The EU taxonomy is a unified classification system for sustainable activities. The taxonomy, along with the Corporate Sustainability Reporting Directive (CSRD) are in a package of measures intended to help the EU enhance sustainable investment.

In this episode, Brian Tomlinson, an Ernst & Young Managing Director focused on ESG reporting, and Nathan discuss the context surrounding the taxonomy and its structure, plus its implications for both EU and US companies.

I’m excited to share their discussion with our listeners. So, let’s get started by handing over to Brian.

Brian Tomlinson

Hello everyone. My name is Brian Tomlinson and today, we’re going to talk about the EU taxonomy. As many of you will have noticed, we’re in an unprecedented period of regulatory engagement on ESG across geography and across themes. Nowhere is that more true than in the EU. Though, of course, we’ve seen significant regulatory developments in the US, in addition to regulatory developments in other major countries, such as the UK, China and Canada, among others.

But the EU has really placed sustainable finance and the transition to a sustainable net-zero economy at the core of its growth strategy, and that’s all underpinned by the objectives of the green deal. Just briefly, the scope of the EU’s regulatory effort is really extremely broad, and it covers, among other things in this non-exhaustive list, fiduciary duty, investment advice, ratings agencies, supply chain due diligence — in among that, are these signature pieces of disclosure regulation. The Sustainable Finance Disclosure Regulation, which we’ll refer to as SFDR, and Corporate Sustainability Reporting Directive, which we’ll refer to as CSRD. Now, the significant thing about this, and many of you will have heard of the “Brussels effect,” is that this regulatory effort across CSRD, SFDR and the taxonomy has significant implications for US companies.

Even if you expand the disclosure ecosystems, some conceptual problems remain with sustainability and how you talk about sustainability. Some of those issues around sustainability in the ESG disclosure are transparency, comparability, and context, and overlying all of those is this problem of greenwash.

How do you get companies to talk more fully about the impact of their business on the broader environment and the broader environment on their business? How do you kind of compare apples to apples between companies? And then, how do you think about the way in which corporate performance addresses the broader social environment? What’s the context for that performance? Because many corporate targets are, essentially, based upon incrementally moving down and lowering their impacts from where they are, but what does that really tell us about the context in which companies exist and the dependencies underlying their business models?

So, this brings us to the concept of the taxonomy which I’m going to frame, essentially, an anti-greenwash device. One of the things that the taxonomy does is it creates this idea of green by law. So, something is not green because a company says it’s green, it’s green because it meets an objective set of criteria, which are largely science based.

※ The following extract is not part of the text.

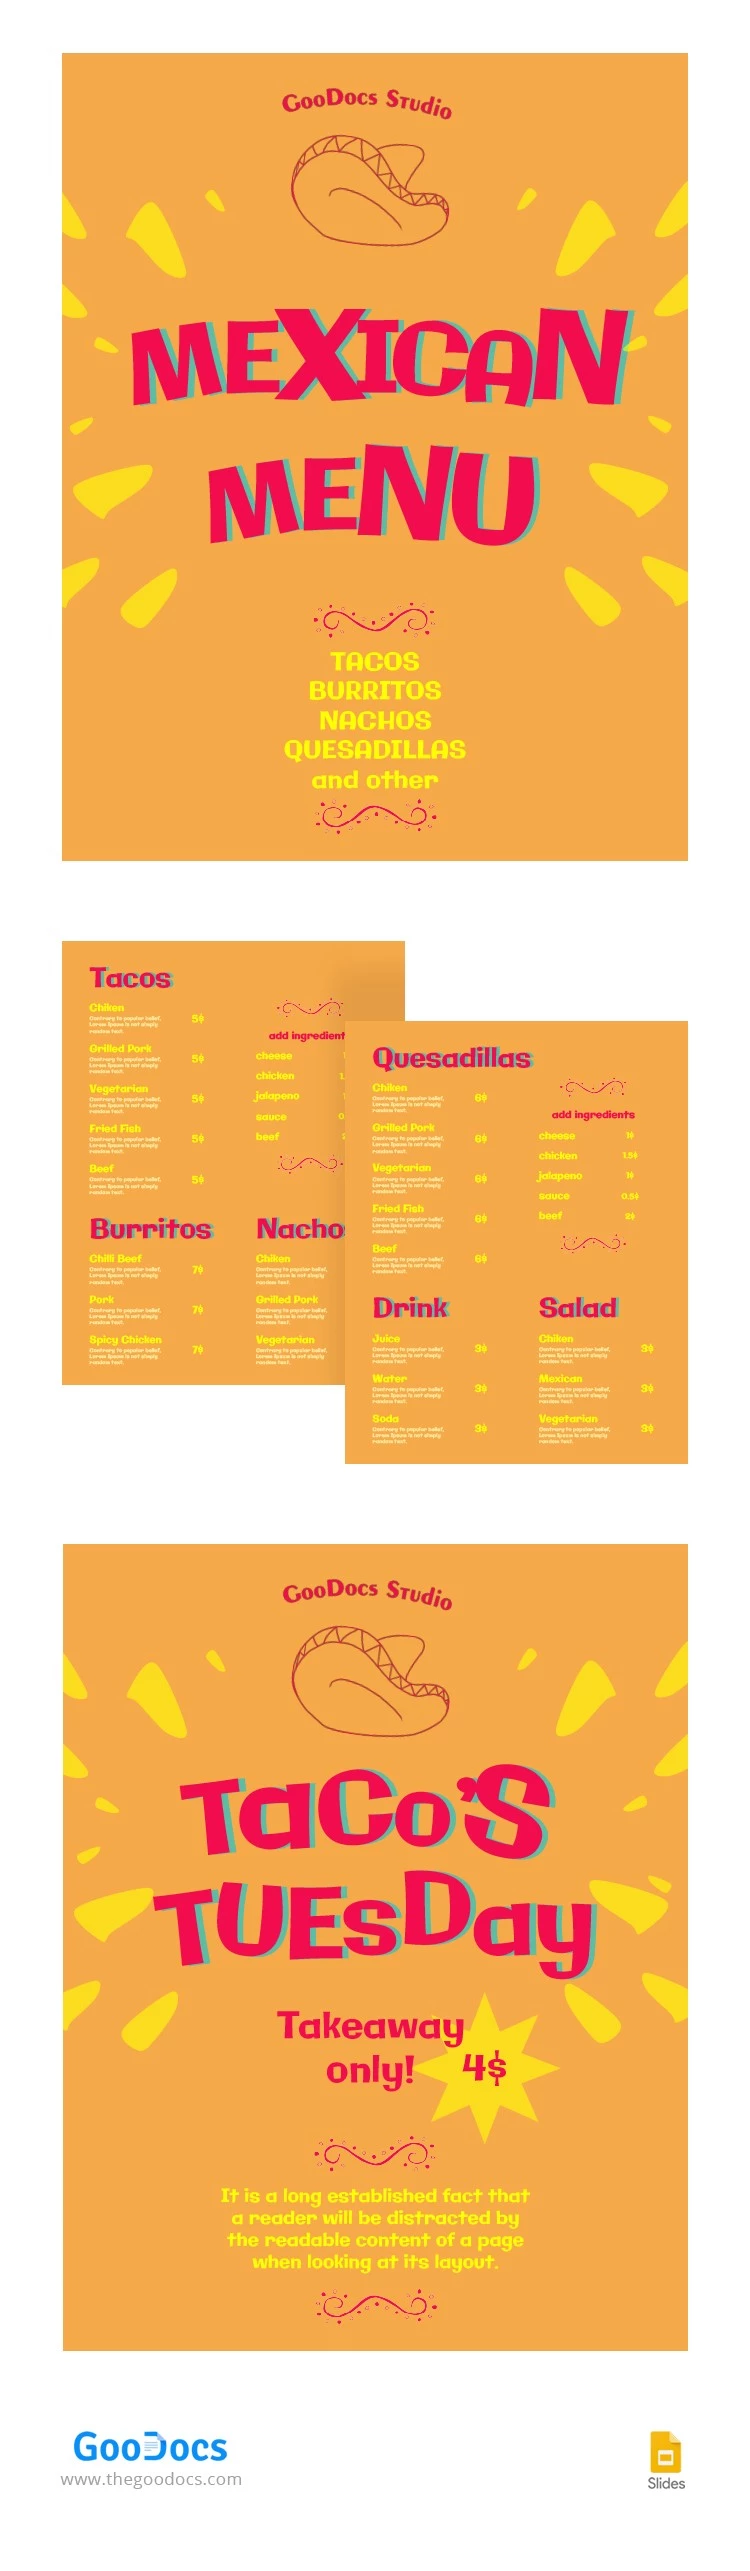 Menu du restaurant mexicain Orange - free Google Docs Template - 10064711

So that gets you a number of things. It gets you transparency, it gets you comparability and it gets you context.

One of the things about this taxonomy structure is that it has the opportunity to potentially impact lots of ways in which investors and corporates do their jobs. It can influence strategy development, capital flows, investment evaluation and procurement; the list of implications for the taxonomy is very broad.

We often hear concerns about the alphabet soup of acronyms in the ESG space. What the taxonomy is trying to do is to be potentially, one standard to rule them all. And also, to really pick up this notion of disclosure as a forcing function, which is that in order to talk to the market about new things, you have to do new things, and it may change the way in which you do business. This is an important area for companies, particularly in the US, to engage with.

Who better to talk to about the EU taxonomy than Nathan Fabian. Nathan chairs the EU Platform on Sustainable Finance. He is the Chief Responsible Investment Officer at UNPRI and prior to that, he was the CEO of the Investor Group on Climate Change. He’s a real innovator and maven in the ESG, sustainability and policy space, and he’s been absolutely central in the development of the taxonomy. So, with that introduction, Nathan, delighted to have you with us. I wanted to ask you to give us a little bit of a background on your role at the Platform for Sustainable Finance, and perhaps a little bit of the origin story of the taxonomy and the context of that broader EU regulatory effort connected to the underlying green deal.

Nathan Fabian

Hi Brian. It’s good to talk to you. In my role as the Chair of the Platform, we are responsible for developing environmental performance criteria to go into the taxonomy. The Platform works as a group of experts from finance, academia, industry, and from the environmental and social think tanks in Europe, all contributing their expertise, mostly on a voluntary basis, working alongside the EU officials to have this multi-stakeholder expert process for developing the taxonomy. I chair that group and we have 67 members, and we have dozens of EU officials supporting the work. It’s a large technical effort. That platform has been operating for around two years and it follows a couple of years of proprietary technical work that’s been going on in the taxonomy in Europe.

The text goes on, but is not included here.